1. Visual Studio 2022 Is Included in the Deployment

   • An Integrated Development Environment (IDE) has no place in a certified election system. Such an IDE is used by software engineers to help them design, change and debug software. A certified voting system should not have any chance that it can be modified.

   • The presence of Visual Studio suggests the ability to modify software post-deployment, which violates election security best practices.

   • The idea that election officials may want to modify the source code is beyond belief.

2. SQL Server Management Studio (SSMS) Is Likely Included

   • SSMS was discovered in previous Dominion deployments and could be used to manipulate the vote database outside of controlled security mechanisms.

   • SSMS is not listed in the official COTS components for Democracy Suite 5.20, but is it being installed anyway?

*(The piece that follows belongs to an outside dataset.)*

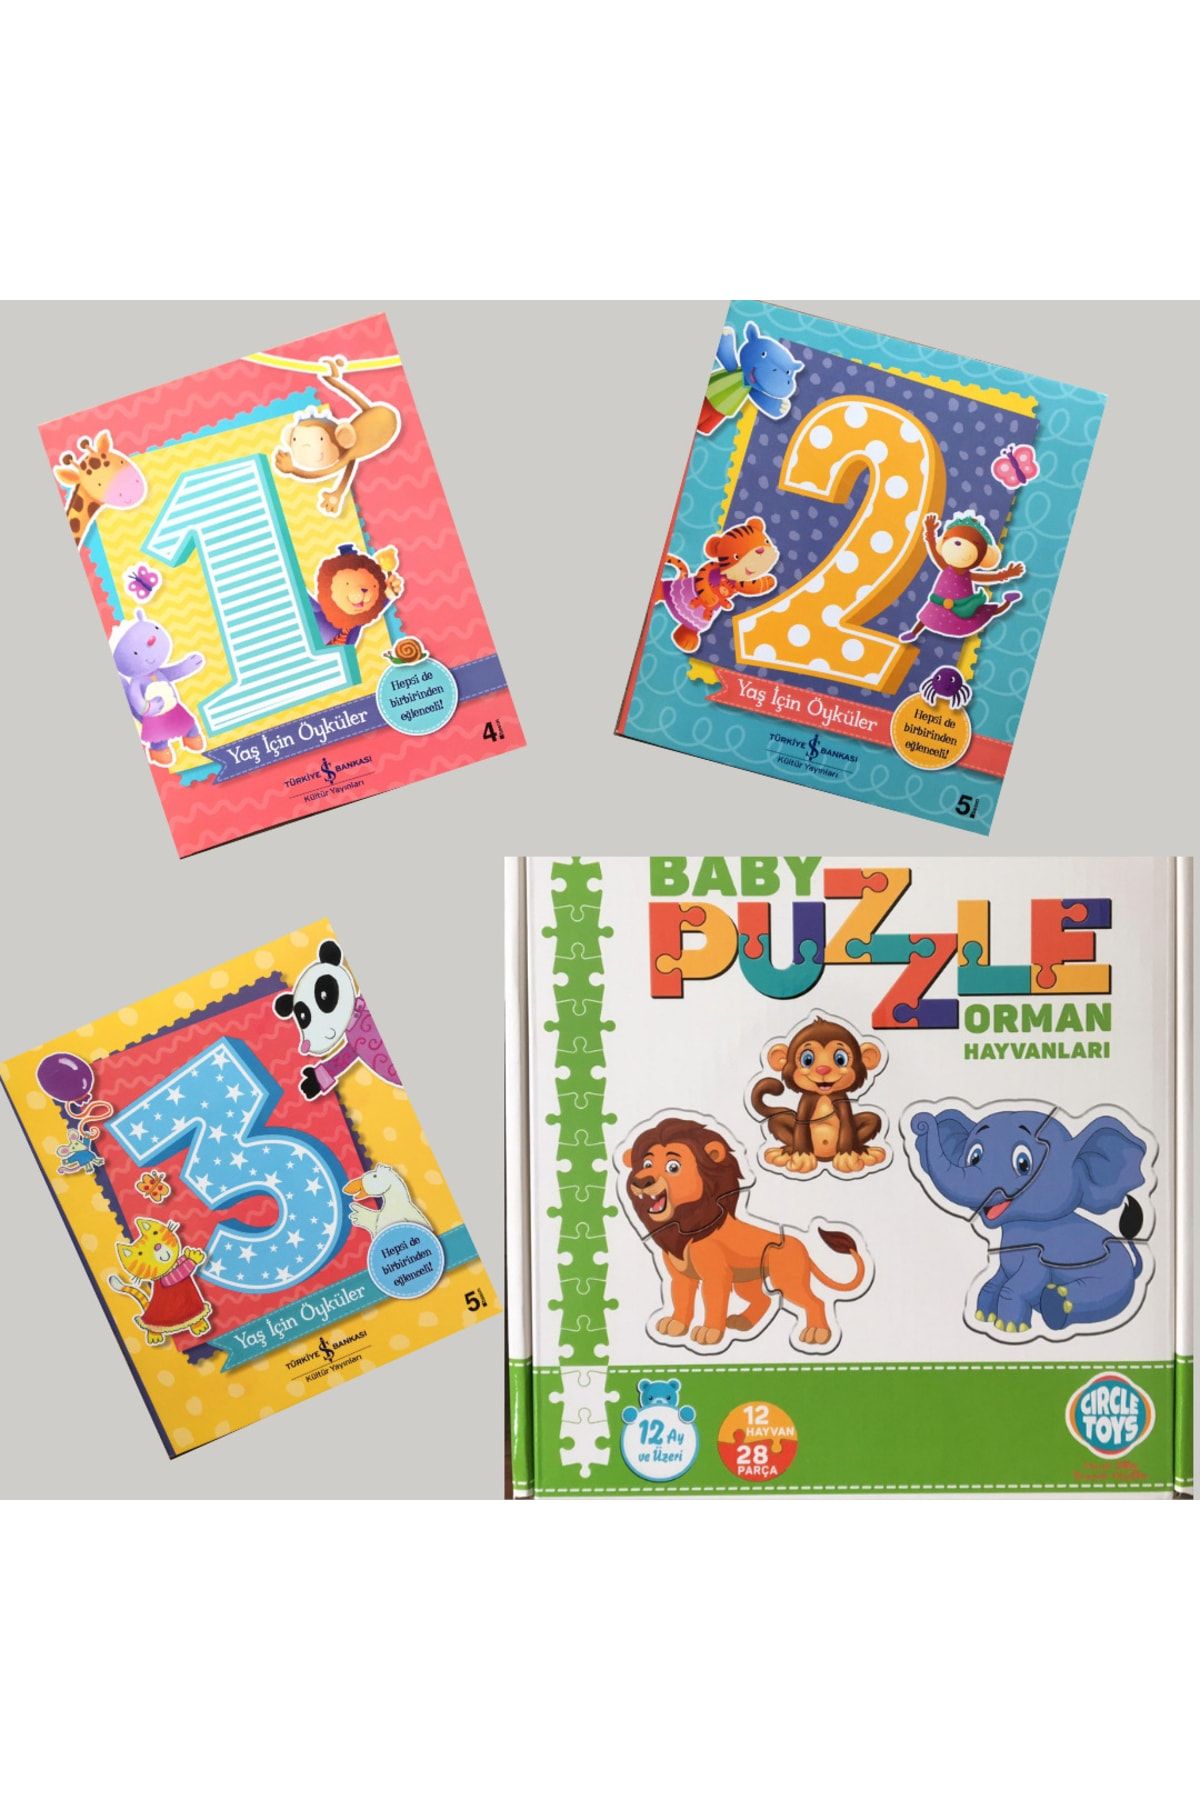 Circle Toys 0-3 Yaş Babypuzzle Orman Hayvanları Görsel Zeka Dikkat Ve Algı Oyunu & 1-3 Yaş Için Öyküler Seti

   • This was discovered and reported on by the technical review instigated by former Mesa County, CO election official Tina Peters, who was subsequently sentenced to nine years of incarceration. We don’t think she handled the situation very well, but the sentence was far too long given that she actually provided a service by outing this troublesome situation due to the presence of this database management studio, which allows unlimited inspection and alteration of the Dominion database.

     

     (See the technical report by the analysts hired by Tina Peters, most importantly, finding 1: https://useip.org/wp-content/uploads/2022/03/mesa-county-forensic-report-no.-2.pdf)

3. Event Logging Can Be Disabled

   • Critical election systems should never allow logging to be turned off.

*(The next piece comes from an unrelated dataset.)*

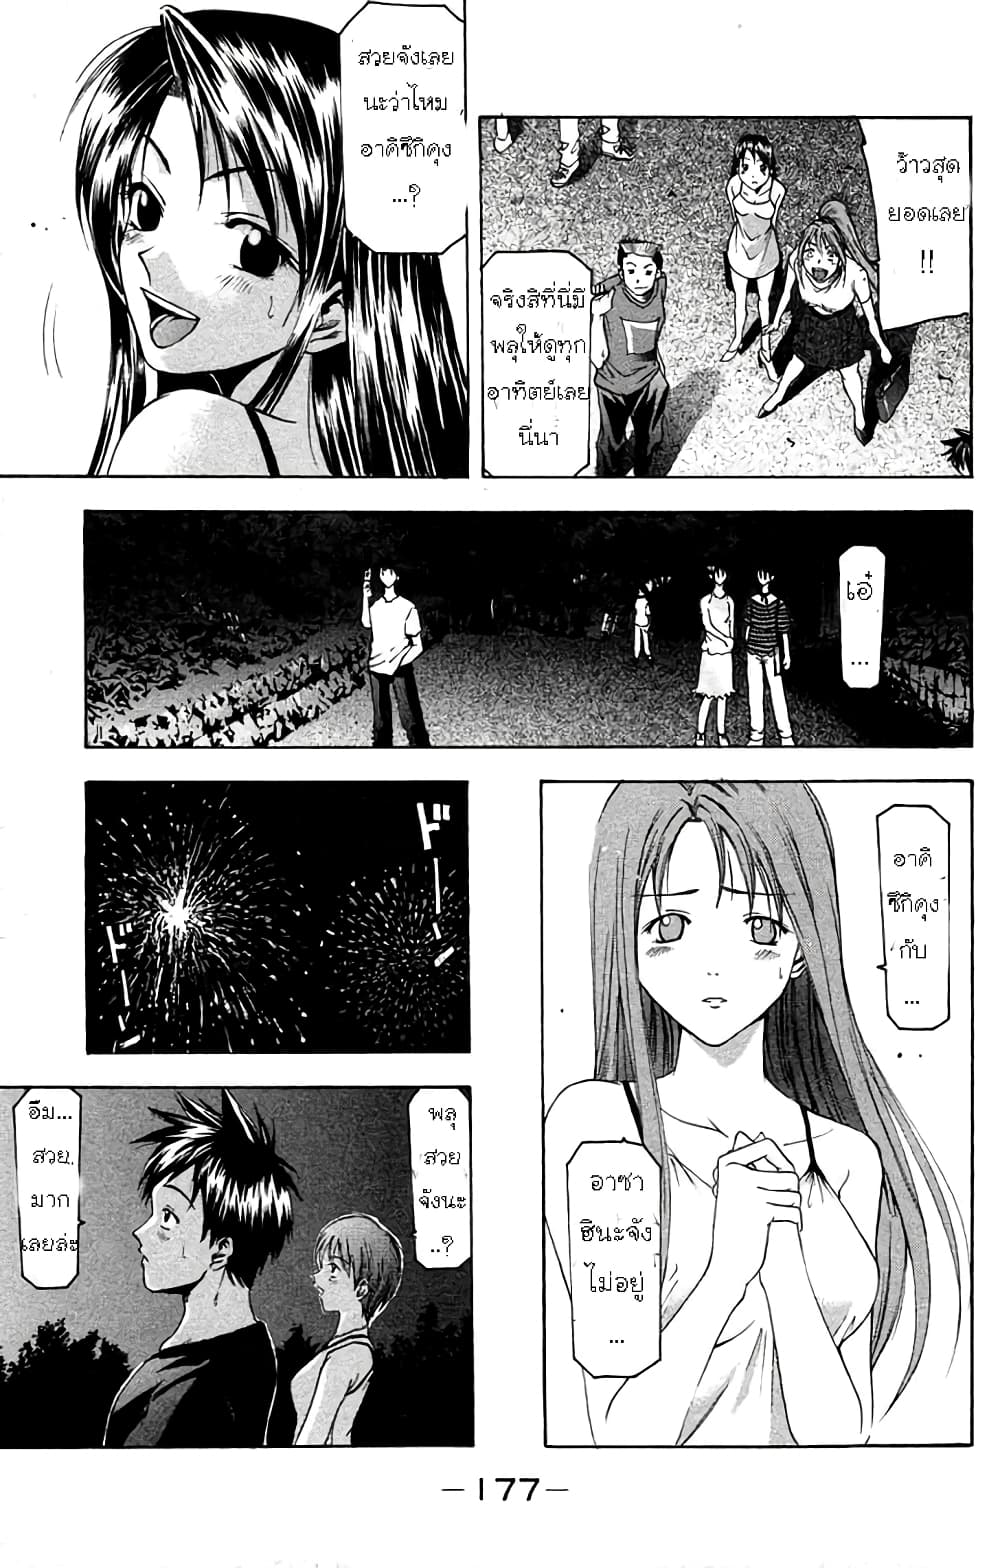 Suzuka 31-Fireworks

   • Disabling logs would make unauthorized changes to vote data undetectable.

   • The only safeguard described is manual verification in Event Viewer, which is not a serious security measure.

4. Voter-Verified Ballot Images and Cast Vote Records (CVRs) Lack Transparency

   • The DVSorder vulnerability (DVSorder.org) showed that Dominion’s pseudo-random number generator made it possible to determine the order of ballots cast.

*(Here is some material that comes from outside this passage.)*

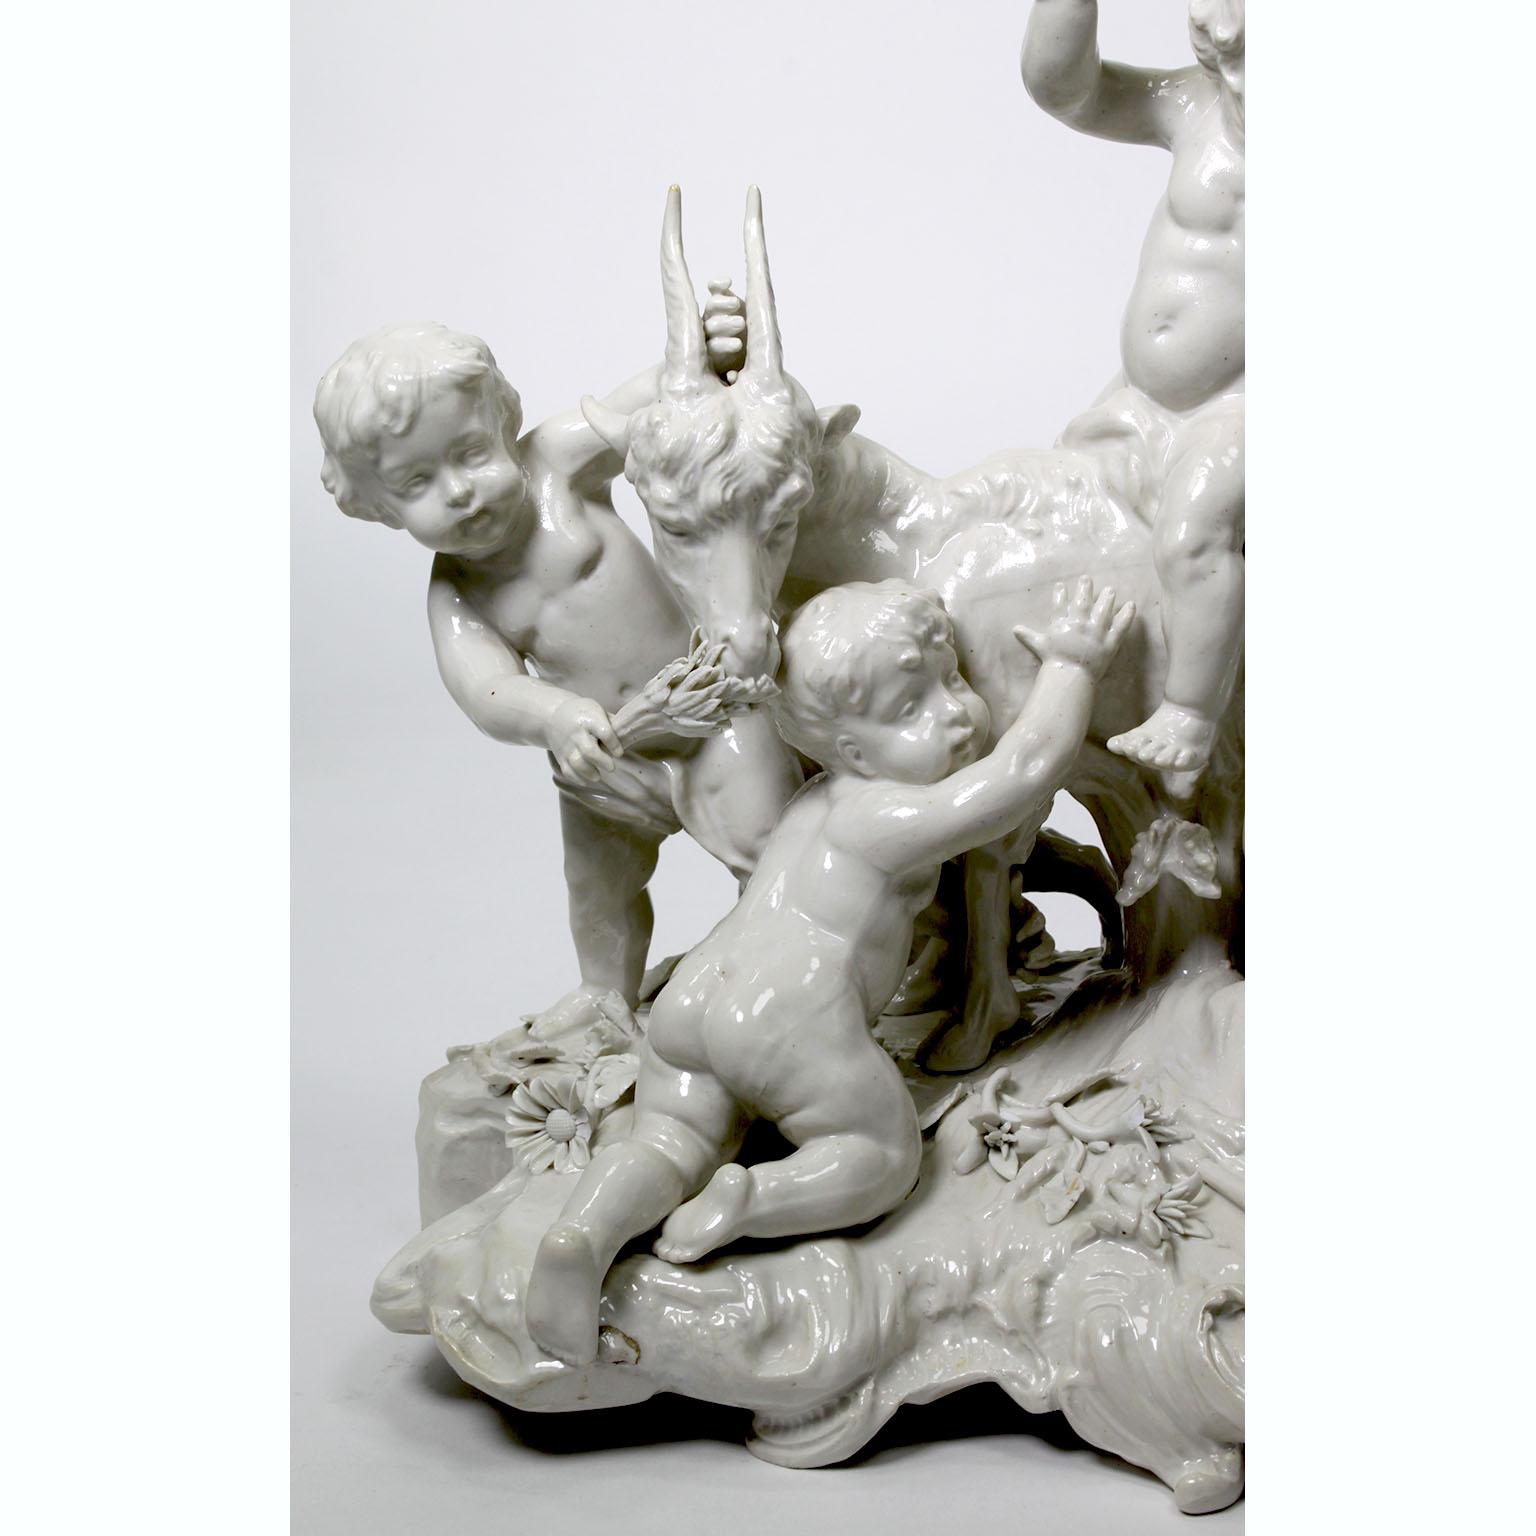 Eine charmante, skurrile, weiß glasierte Porzellangruppe aus dem 19. und 20. Jahrhundert mit vier Putten, die mit einer Ziege spielen, wahrscheinlich nach der Darstellung

   • Ballot images should be publicly verifiable with cryptographic hashing to prevent tampering.

   • Public keys for scanners should be published before elections to allow independent validation of ballot images.

5. No Auditing Standards Are Enforced

   • There is no system-wide requirement for risk-limiting audits (RLAs), ballot image audits, or batch audits.

   • The SQL database should be snapshotted before and after the election to verify that all log entries correctly reconstruct the final results.

   • Without a strong auditability framework, certification should not proceed.

Conclusion: Certification Should Not Proceed Until These Issues Are Fixed

With the ability to turn off event logging, possible inclusion of SSMS, and the presence of Visual Studio 2022, the certification of Dominion Democracy Suite 5.19 should not move forward without serious scrutiny.

Voters deserve election systems that prioritize security, transparency, and auditability. The certifying body should reject this application until these concerns are addressed.

—Ray

P.S. I will be posting more information about our analysis of the 2024 election and fishiness we are finding very soon.

Prior Post: https://substack.com/home/post/p-156974909 Election Audits in NC: Improvement needed!
All posts: https://substack.com/@raylutz/posts

Comments

[Karin Desrochers]

Having read this post, I’m even more mystified as to why the Democrats did not challenge results in this November election. I simply do not get it. With mask and all the other tech Bros involved it is far more likely than not that there was hacking. Can someone explain to me why Harris Biden didn’t challenge that election at least in the swing states????

[sotoportego]

If America does not have a tamper-proof voting system before the mid-terms in 2026, it's all over.

Every responsible state jurisdiction should be accessing and responding to your forensic analysis.